I’m still trying to get my head around the news that, after years of badmouthing public equity markets, Steve Schwarzman is thinking of taking Blackstone Group public. It does nicely underscore the basic truth of the private equity business, which is that without public markets on which to buy and sell companies, it couldn’t exist.
When I think about what a publicly traded Blackstone would look like, though, my mind keeps drifting back to the 1960s, when conglomerates like ITT and LTV were the hottest thing in business. The conglomerateurs bought companies in lots of unrelated businesses on the assumption that they could somehow run them better than they had been run before.
It turned out, though, that the conglomerates’ chief assets had been their high stock prices, which allowed them to swallow up companies on the cheap. Once the stock market stopped cooperating, their reason for existence disappeared. In their place arose a new market phenomenon, the leveraged buyout (LBO) fund, which used borrowed money to take underperforming companies off the market and then performed radical surgery–often involving shedding unrelated businesses–before taking them public again.

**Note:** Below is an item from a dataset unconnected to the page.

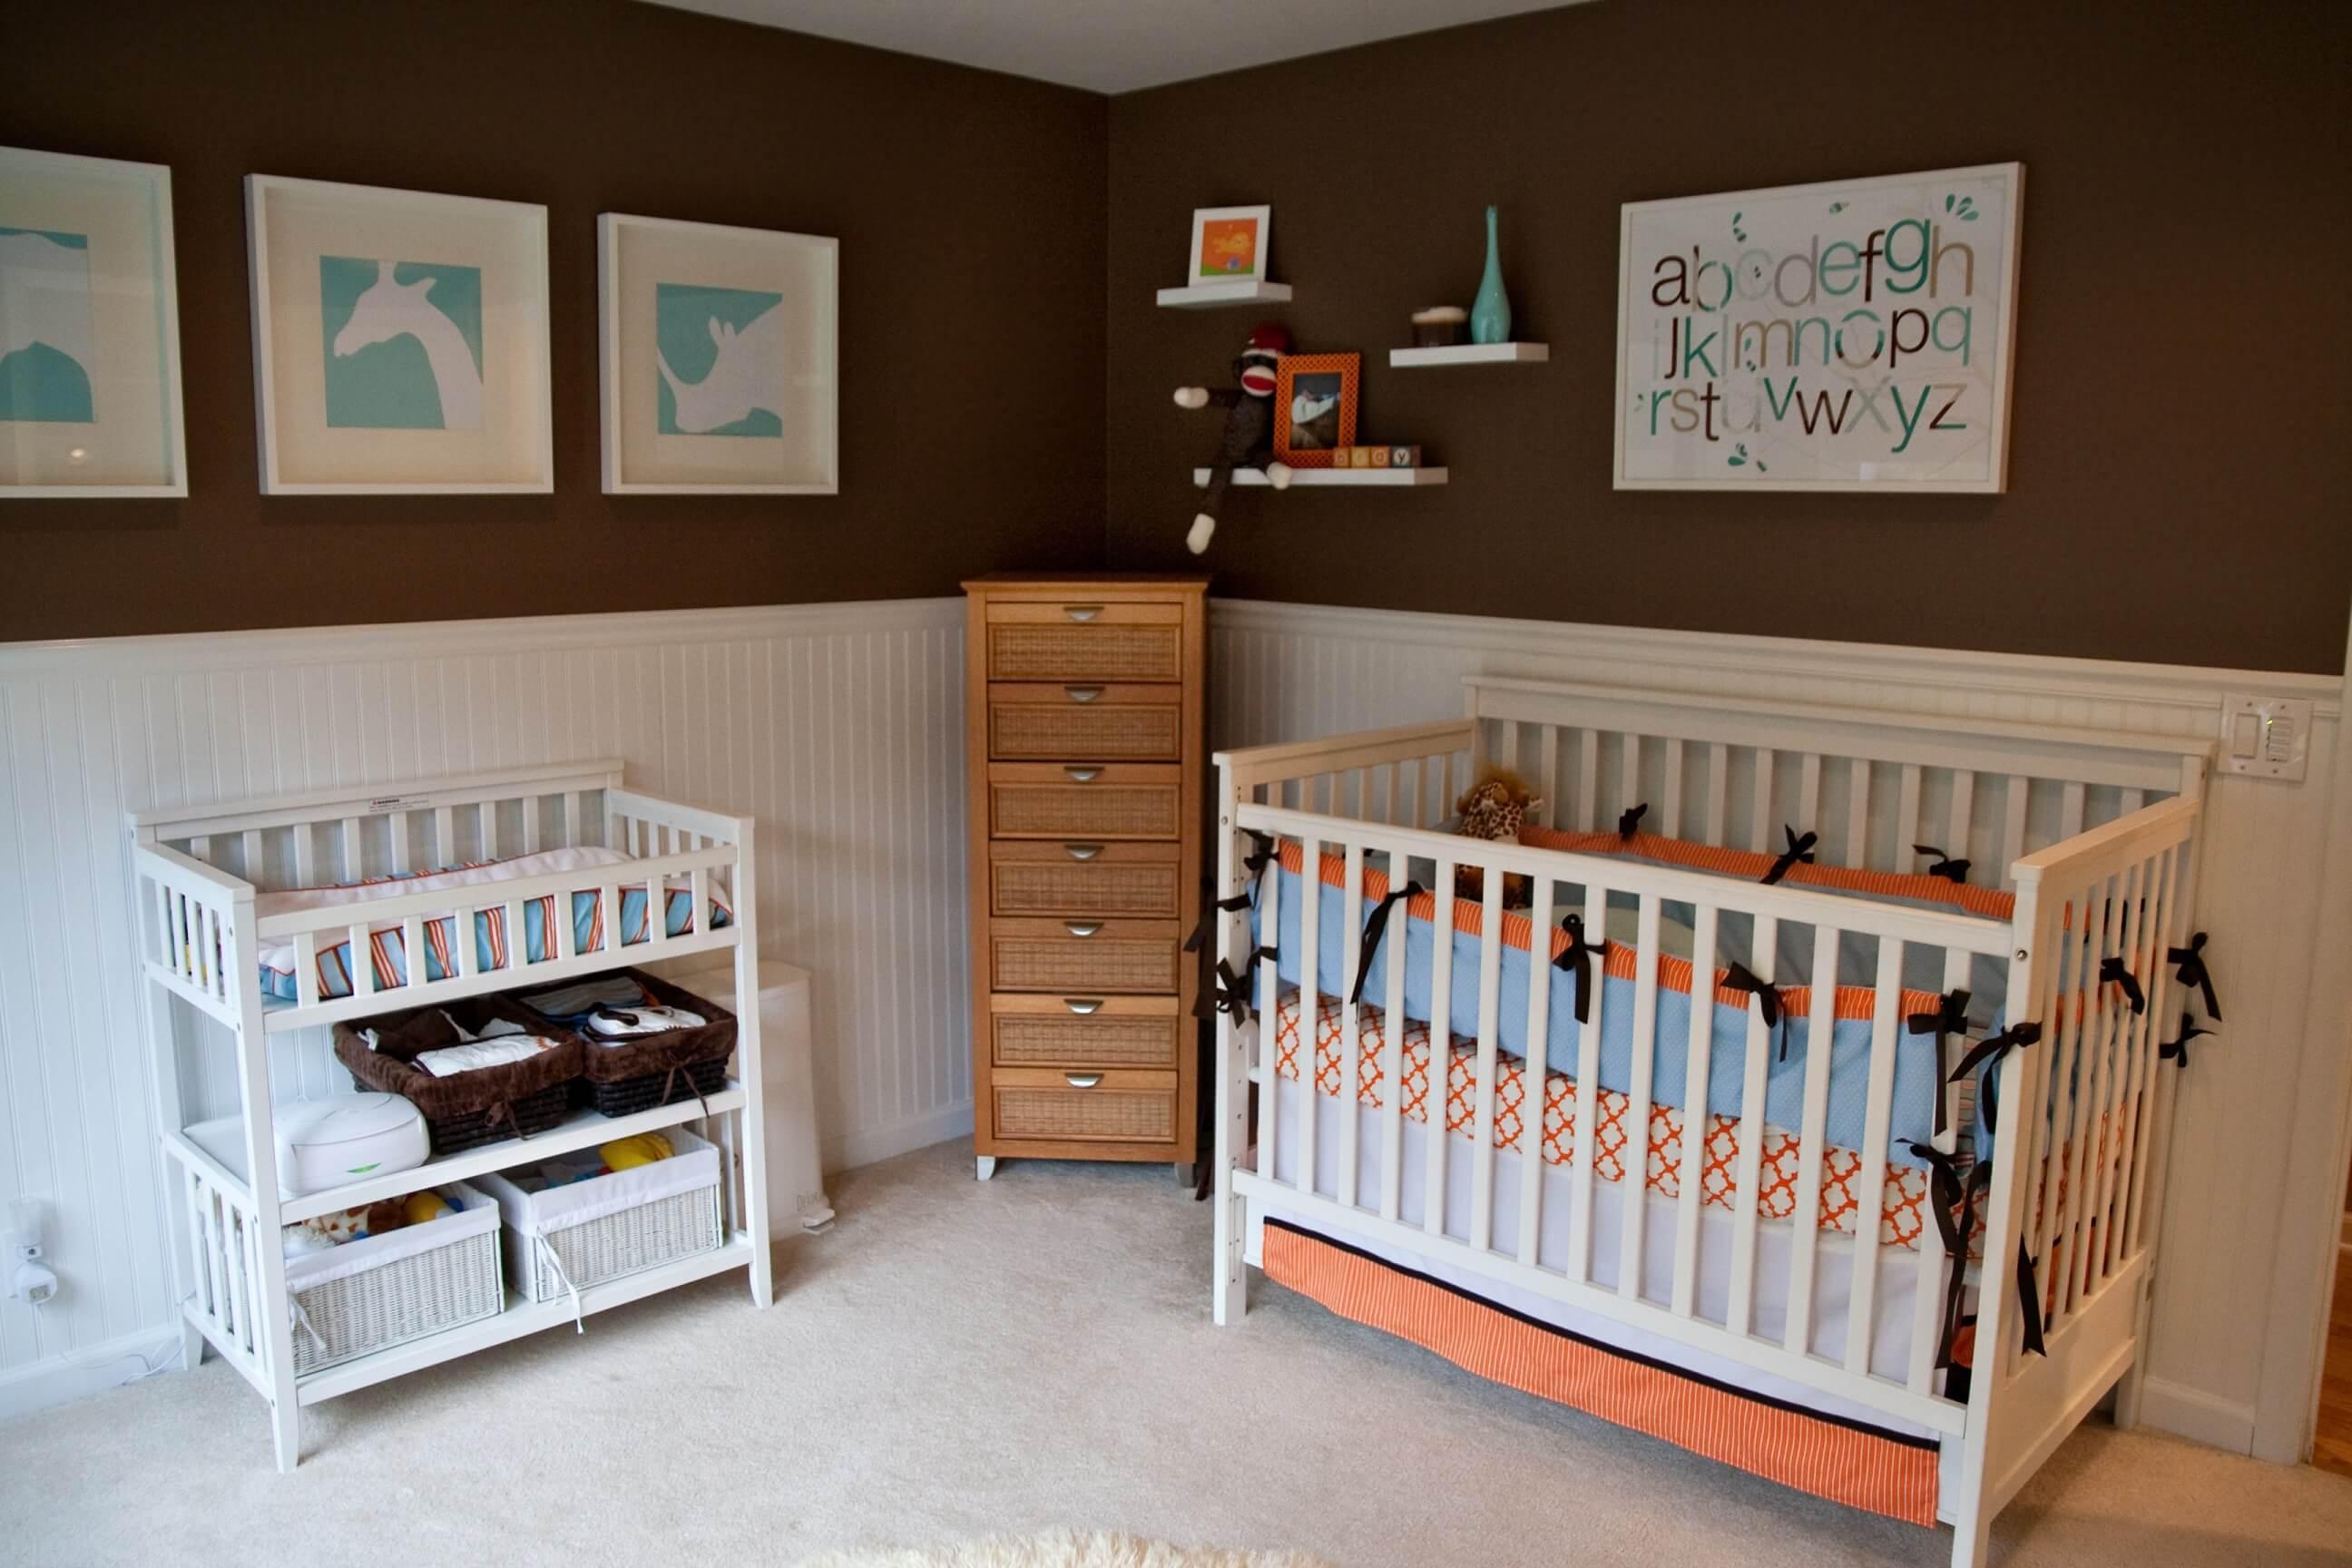 Kinderkamer Kinderkamer Thema : Kinderkamer zanzi van coming kids met extra voordeel koop je bij
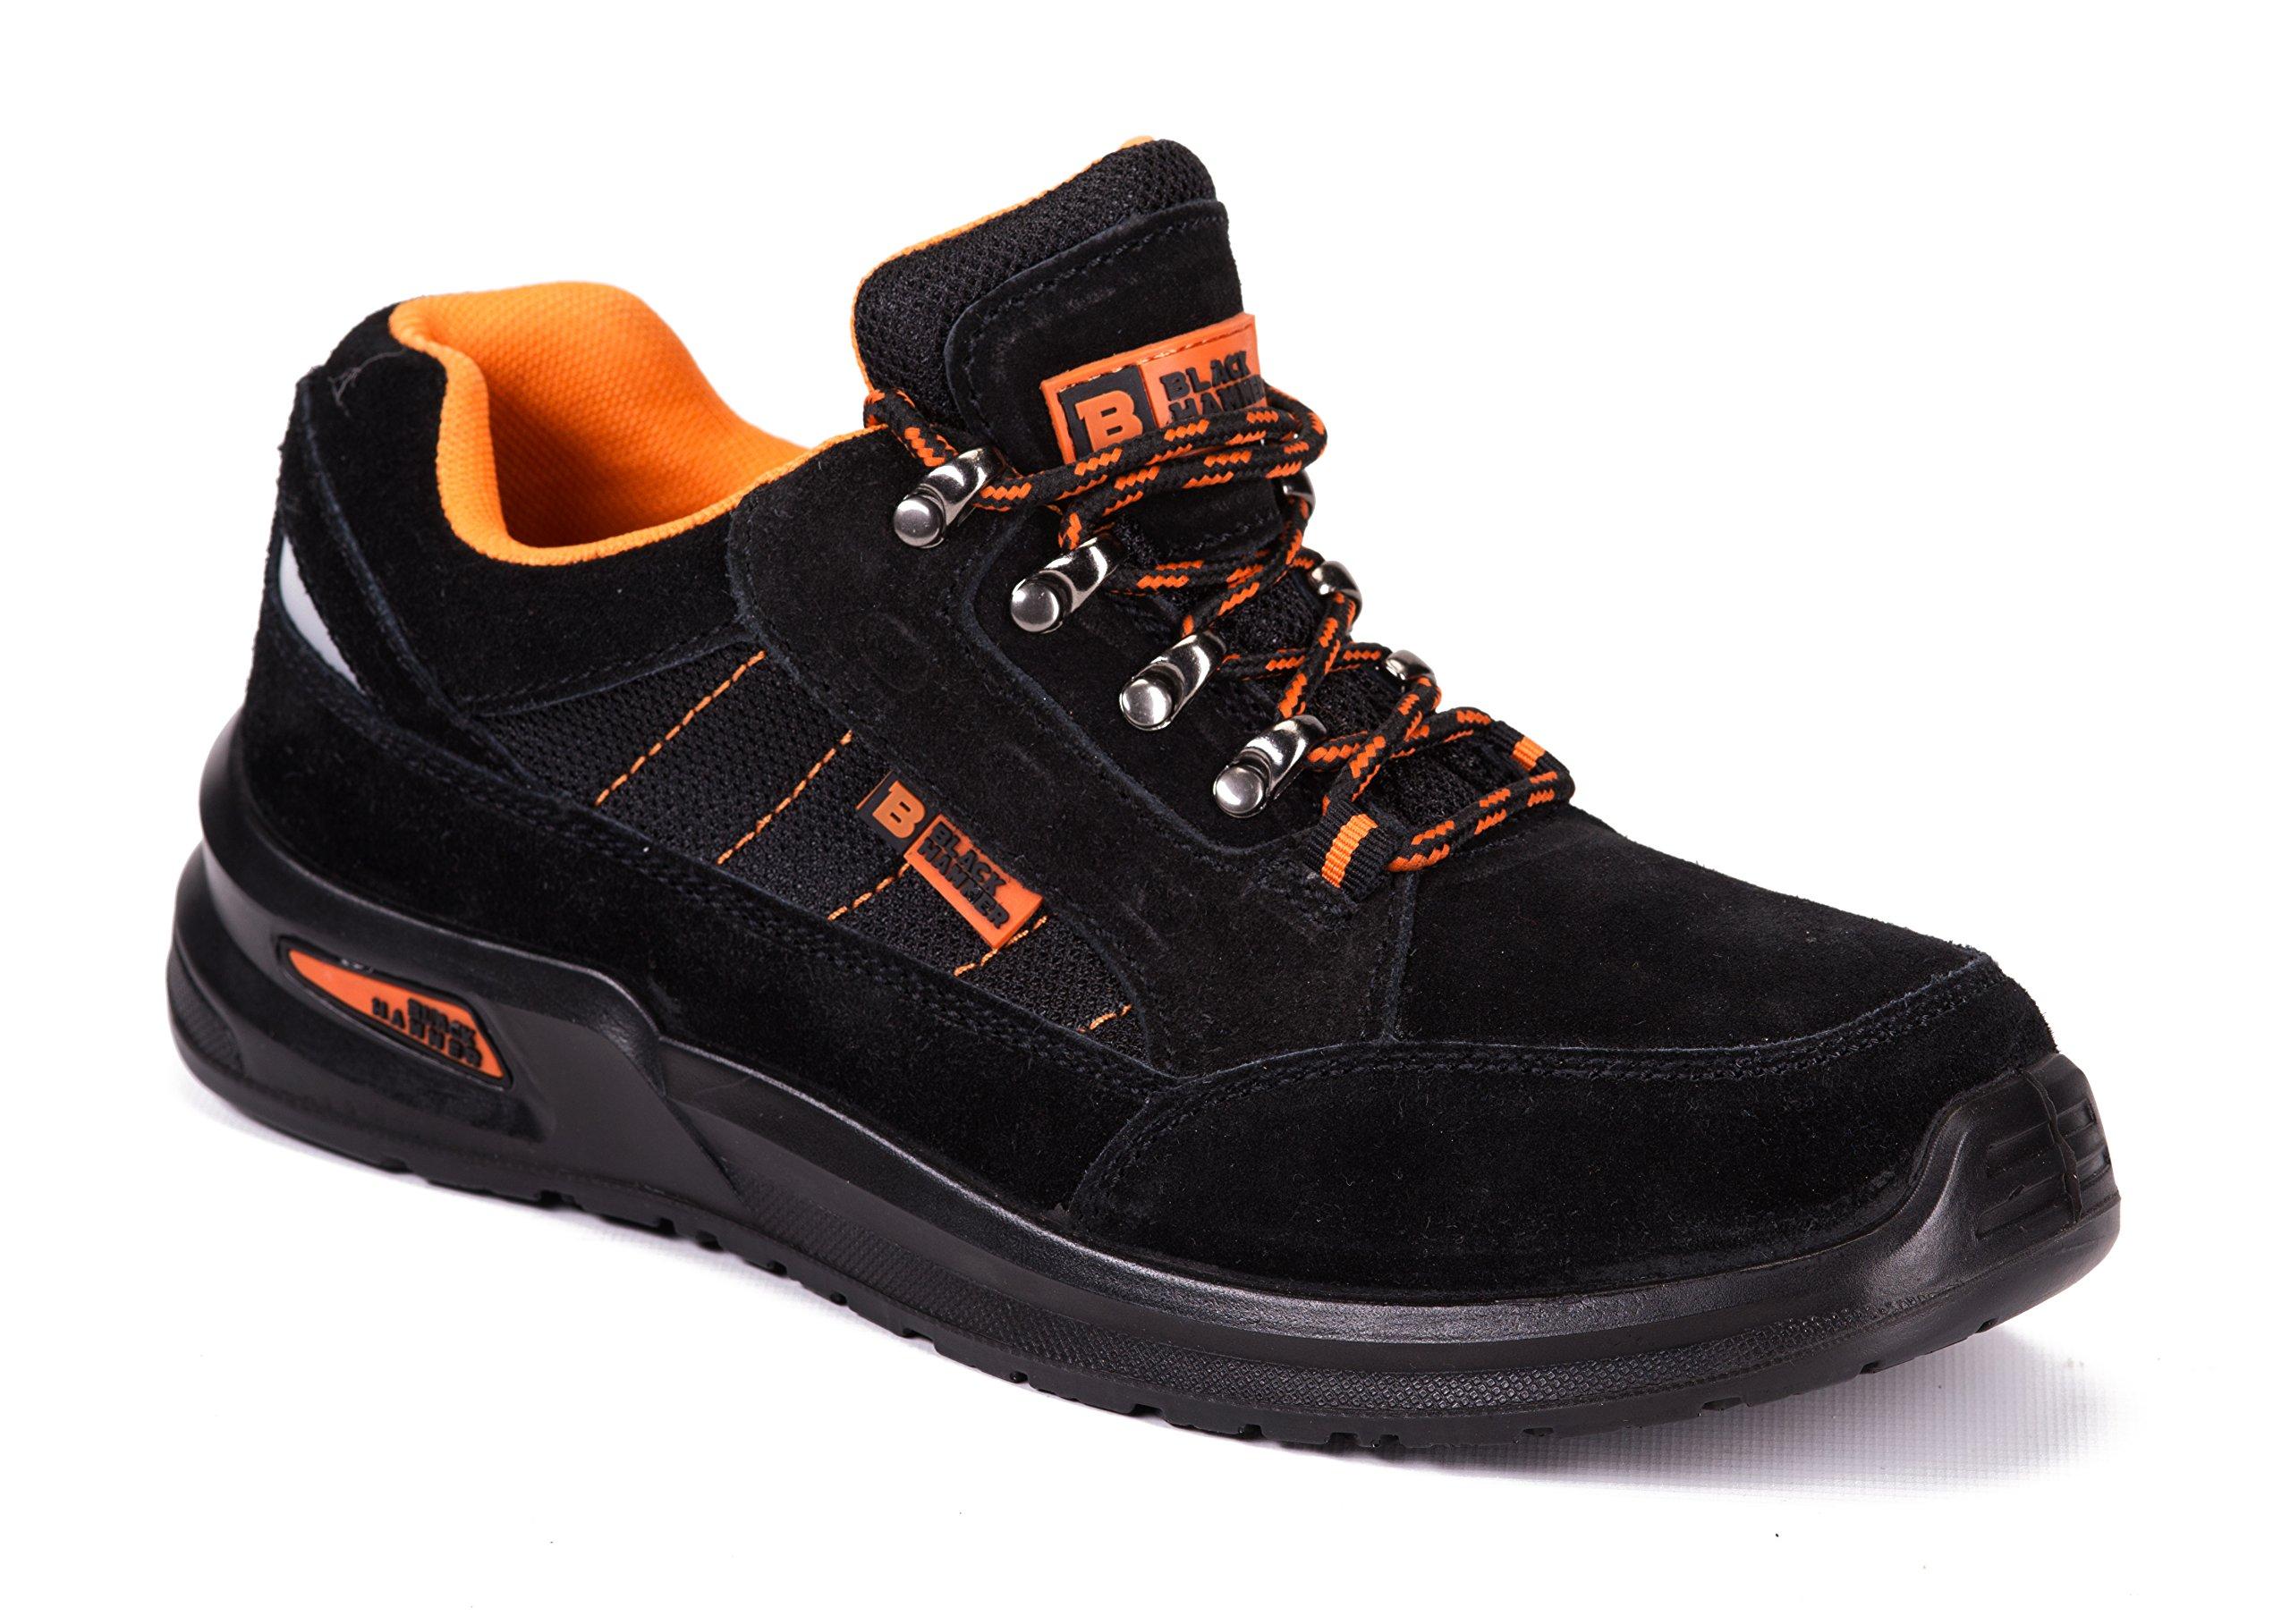 Botas para Hombre De Seguridad Puntera De Acero Zapatos De Trabajo Senderismo Plantilla De Protección Unisex

You probably see where I’m headed here: The most successful LBO artists grew into today’s private equity firms, the biggest of which–like Blackstone–manage investments in dozens of companies at once. Sort of like, you know, a conglomerate. And with Blackstone mulling an IPO, the speculation is that several of its competitors may follow suit.
Now there are surely some important differences that I’m ignoring here. And there are conglomerates that work pretty well: Berkshire Hathaway thanks to the consistency and financial acumen of its CEO, Warren Buffett; and General Electric thanks to its relentless focus on developing top managers. Blackstone may turn out to have a differentiating skill set like that, too. But it’s just not possible that all the big private equity firms do. And if they go public, that will eventually become apparent to one and all, just as it did with the conglomerateurs of the 1960s.